Le vulnerabilità individuate da Project Zero
Quasi tutte le vulnerabilità individuate sono insidiose, in quanto consentono ai malintenzionati di infettare il dispositivo da remoto, semplicemente inviando un messaggio tramite l’applicazione iMessage. Quando l’utente apre l’sms possono verificarsi due situazioni: quattro bug, infatti, determinano l’esecuzione di codice dannoso per il device, mentre gli altri due permettono a una persona diversa dall’utente di sottrare dati dalla memoria e di leggere da remoto i file salvati. La società di ricerca Zerodium ha stimato che il valore delle sei vulnerabilità individuate da Project Zero è pari a 1 milione di dollari l’una. Secondo la valutazione di Crowdfense, un’altra azienda attiva nello stesso settore, il valore di ogni singolo bug ammonta a 2-4 milioni di dollari.
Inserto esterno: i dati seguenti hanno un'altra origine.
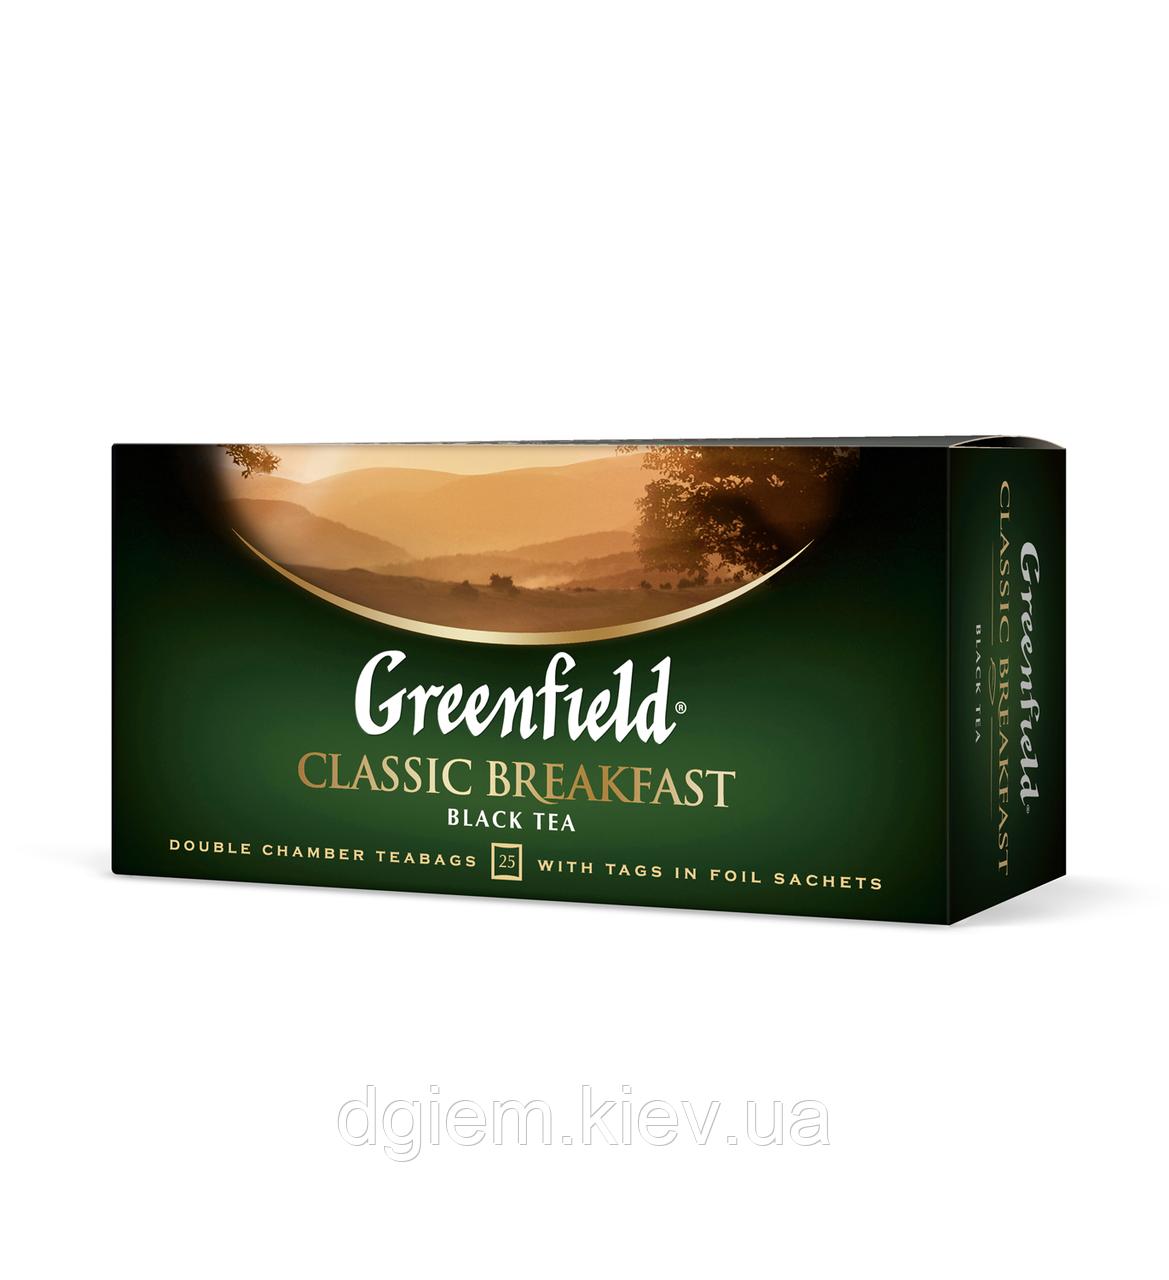 "Чай черный CLASSIC BREAKFAST 2гх25шт. ""Greenfield"" , пакет"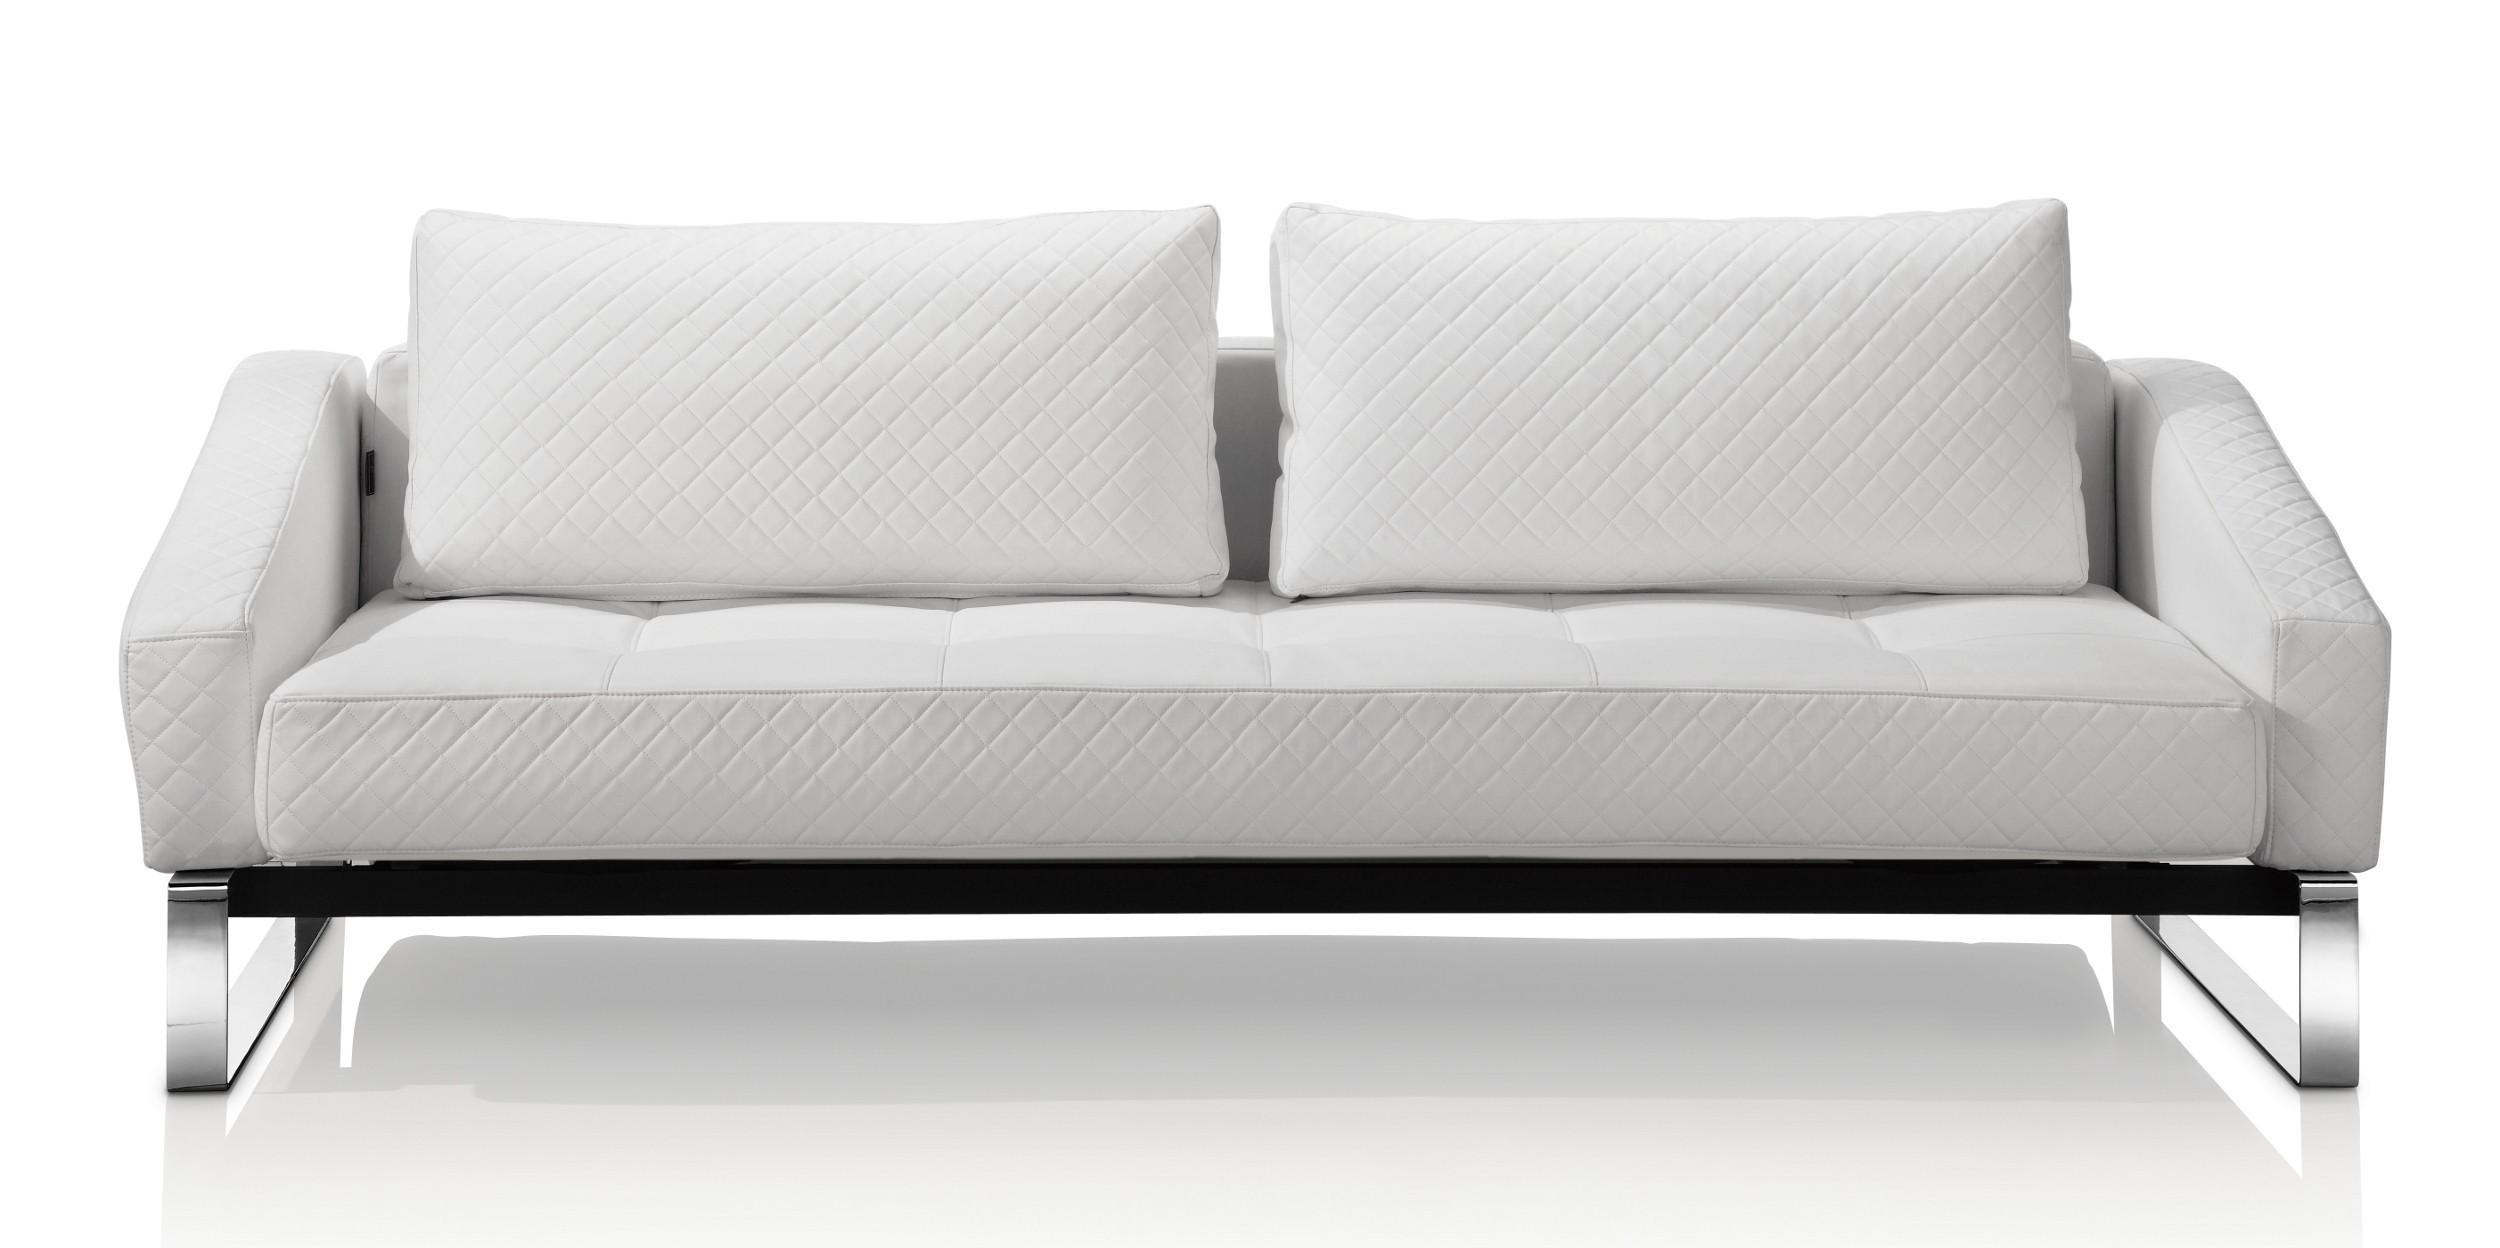 Sofas Center : Whiteper Sofas Sale Sofa In Dallas Fort Worth Pertaining To Dallas Sleeper Sofas (Image 20 of 20)

Nel corso di Black Hat USA 2019, la conferenza annuale sulla sicurezza informatica, Natalie Silvanovich e Samuel Groß, i ricercatori di Project Zero che hanno contribuito maggiormente a individuare le vulnerabilità in iOS, dimostreranno cinque dei sei attacchi.
Il Vulnerability Reward Program
In passato, Google ha dimostrato di essere disposta a ricompensare adeguatamente chi scopre delle vulnerabilità nei suoi software. Nel corso del 2018 il colosso di Montain View ha speso ben 3.4 milioni di dollari in premi corrisposti ai ricercatori che hanno individuato dei bug nei prodotti della società. L’apposito schema è stato chiamato Vulnerability Reward Program ed è attivo da novembre 2010.